Нажмите лапу несколько раз еще раз, чтобы убедиться, что ни один патент Blue V проходит проксимальной лигатуры. В этом примере видно, что один из лимфатических сосудов лопается из-за лигатуры, препятствуя лимфотеку. Удалите поплитальный лимфатический узел, лимфатический узел имеет гладкую жемчужную поверхность и окрашен патентом Blue V в отличие от окружающих жировой ткани.
Перед удалением паховой жировой прокладки, прижигать этот сосуд, как показано на показано. Затем удалите жировую прокладку в один кусок. Убедитесь, что нет активного кровотечения.
Это пример расположенного пахового лимфатического узла. Лимфатический узел, расположенный в паховой жировой площадке, редко окрашен патентом Blue V и может быть трудно отличить от жира. Удаление жира площадку в один кусок является лучшим способом для обеспечения того, чтобы лимфатический узел был удален.
Шов кожи края до мышечной фасции, с 6-0 нейлонового шва с использованием миппов и держателя иглы, оставляя зазор от двух до трех миллиметров, чтобы ограничить поверхностный поток лимфы. Это пример готовых швов, в popliteal fossa, боковой стороне заднего конечности, выше колена, и медиальной стороне заднего лапы. Администрирование анальгезии и взвесить мышь после операции, а затем поместить его в шкаф нагревается для восстановления.
Повторите процедуру предоперардного облучения. На этом графике показан комбинированный средний объем хиндлимба из трех отдельных исследований в течение восьми недель после операции. Всего в него был включен 31 мыша.
X-ось представляет недели после операции. Y-ось представляет объем задней части в кубических миллиметрах. Стрелки представляют собой стандартное отклонение.
Следует ожидать, что опухоль после операции и индуцированной лимфедемы будет уменьшаться в течение первых четырех недель. После первых четырех недель мы видим относительно стабильное состояние лимфедемы. Объем контроля задняя часть увеличивается в течение восьми недель, таким образом строго говоря, разница в объеме между лимфедема хиндлимб и контроль задняя, это было неожиданно.
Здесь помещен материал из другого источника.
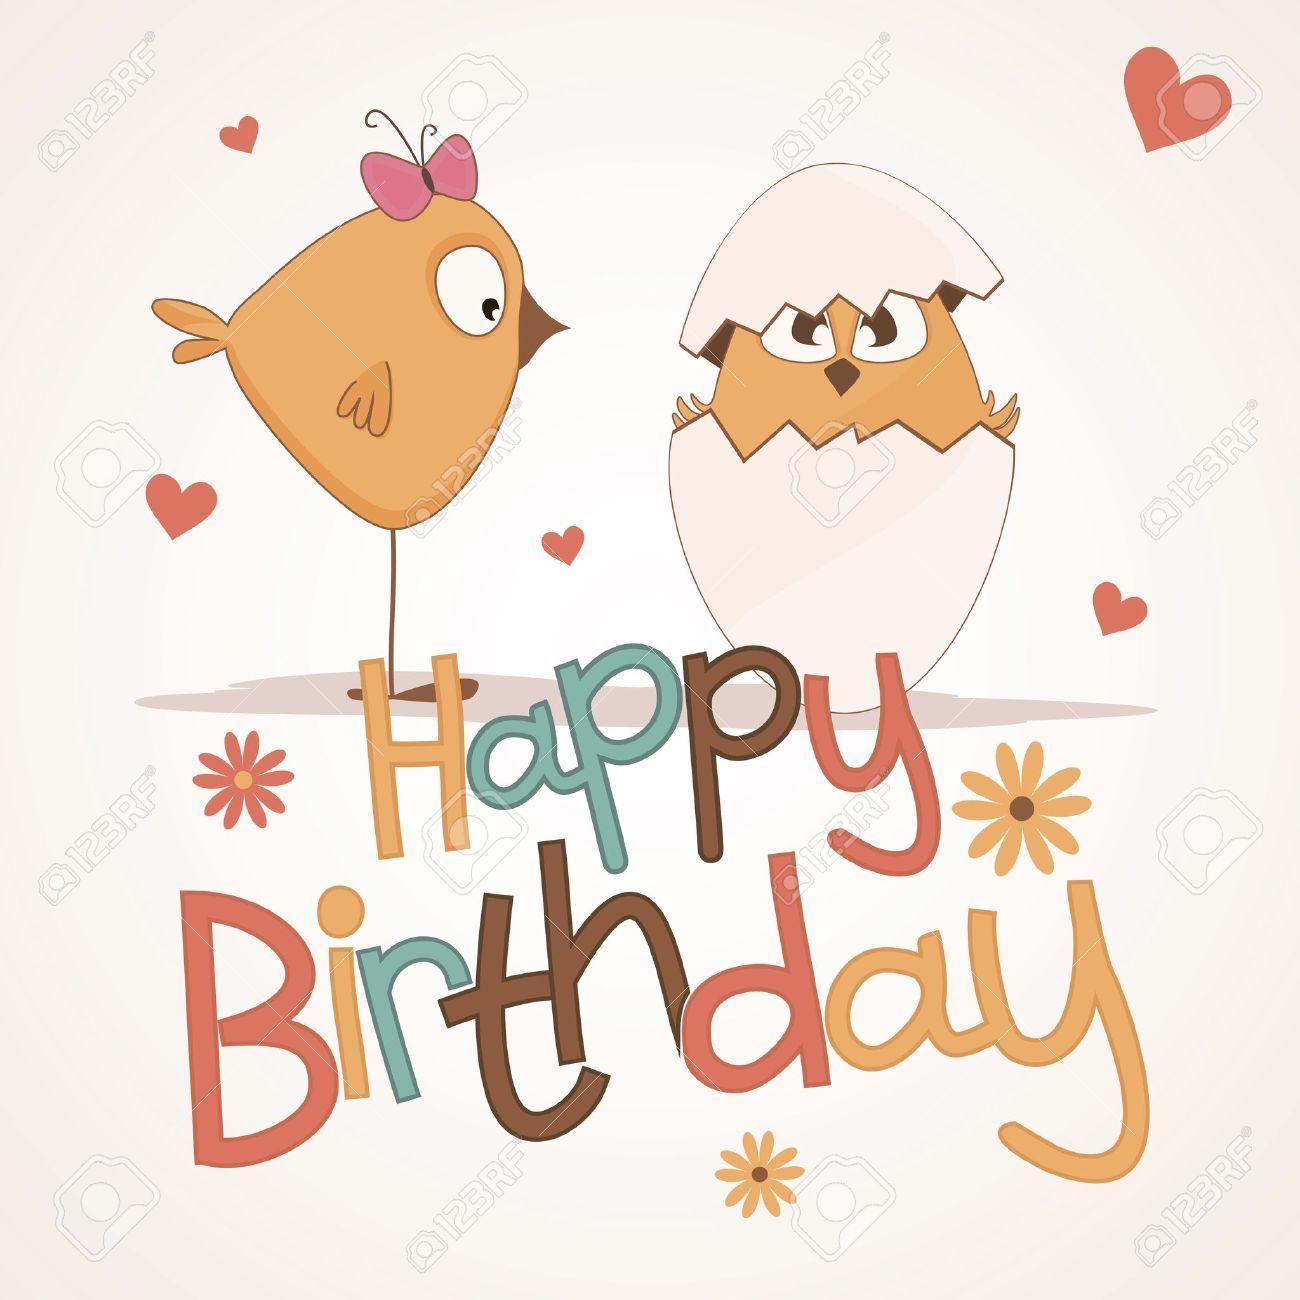 happy birthday three minute egg - Google Search
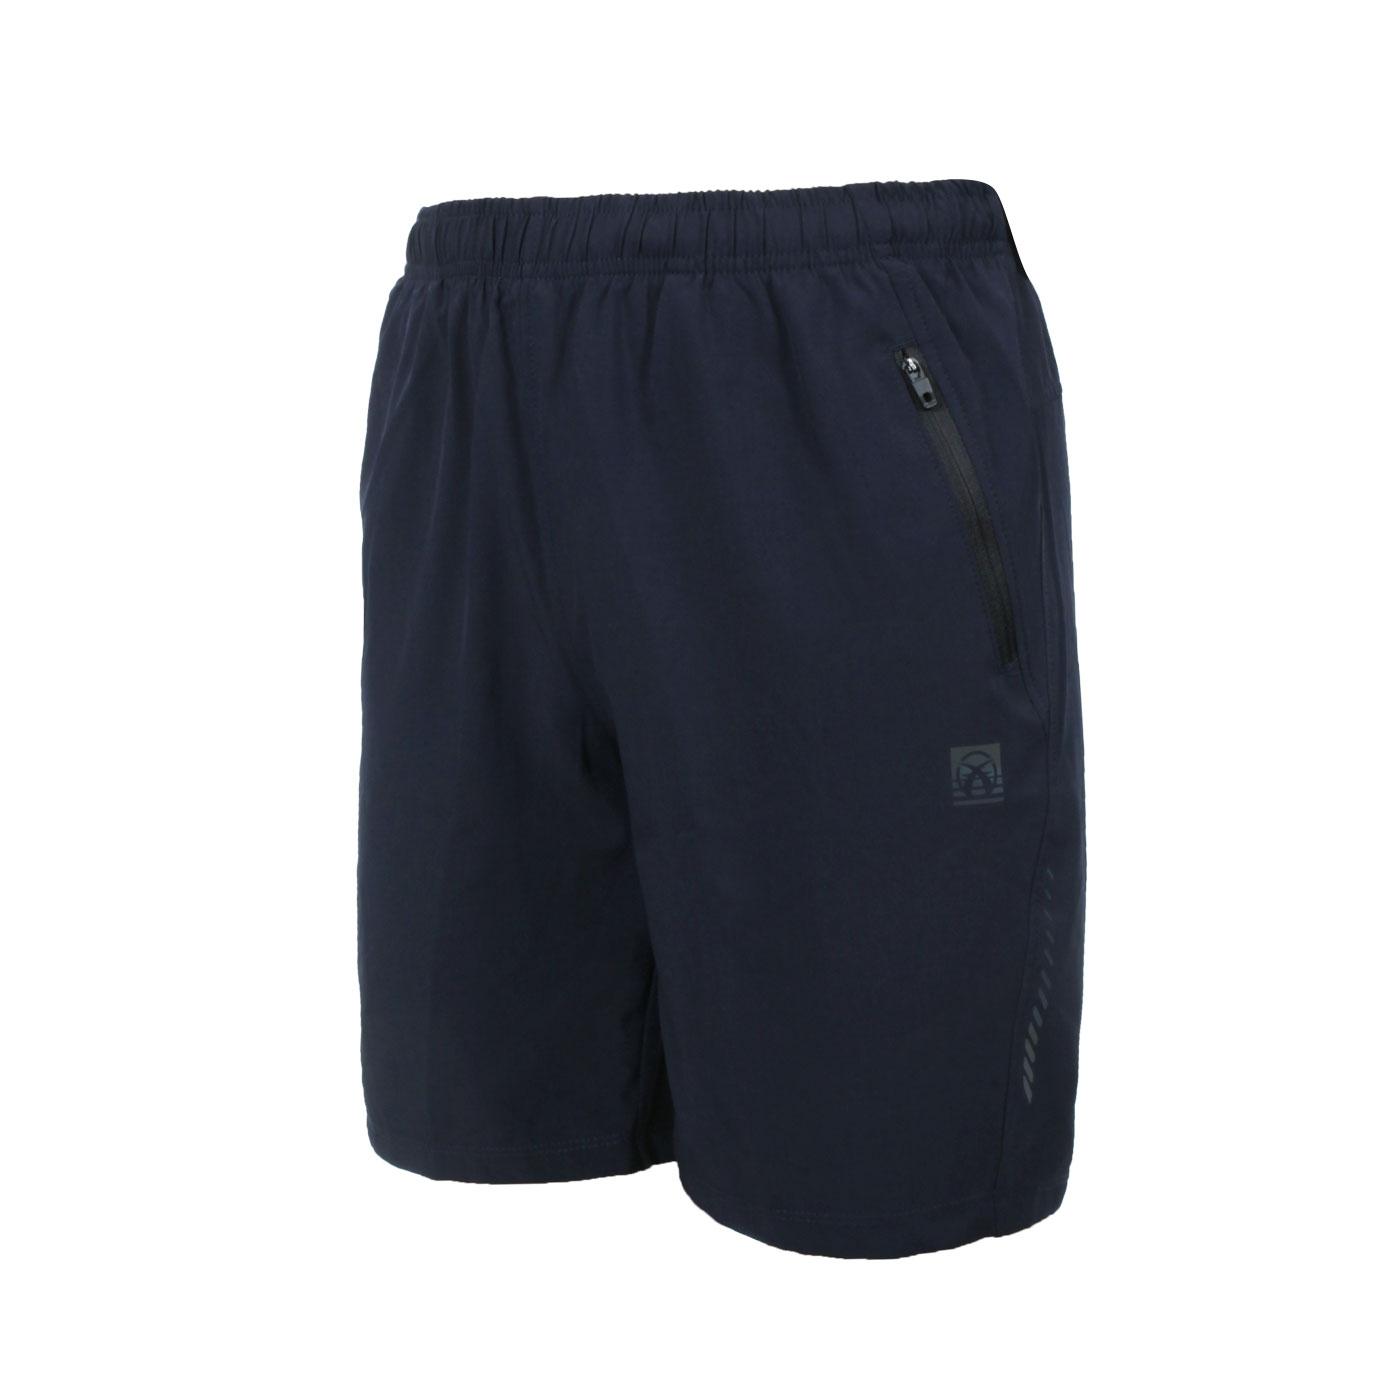 FIRESTAR 女款彈性平織短褲 CL125-93

Причина предположила, что мыши использовали свои неоперированные хиндлимб больше, чем прооперированный задний в течение нескольких недель после операции. Это может привести к гипертрофии задней части управления и, возможно, объяснить увеличение объема. Для отдельных цифр по трем исследованиям включены, пожалуйста, прочитайте протокол.
В этой таблице показан многократный сравнительный тест Сидака для комбинированных измерений объема трех включенных исследований. Рассчитанное P-значение показывает, что существует статистически значимая разница между задними конечностями с индуцированной лимфедемой и контрольными задними конечностями, в течение всех восьми недель последующей деятельности. Для индивидуального статистического анализа по трем включенным проектам, пожалуйста, прочитайте протокол.
Этот метод вызывает статистически значимые лимфедемы, продолжительностью не менее восьми недель. Процедура может быть использована для изучения петроциальности лимфедемы и исследования новых вариантов лечения. После просмотра этого видео, вы должны были получить понимание того, как вызвать вторичные лимфедемы в задней части мышей, используя сочетание микрохирургии и до и послеоперационного облучения.
После освоения хирургическая процедура может быть выполнена за 45 минут.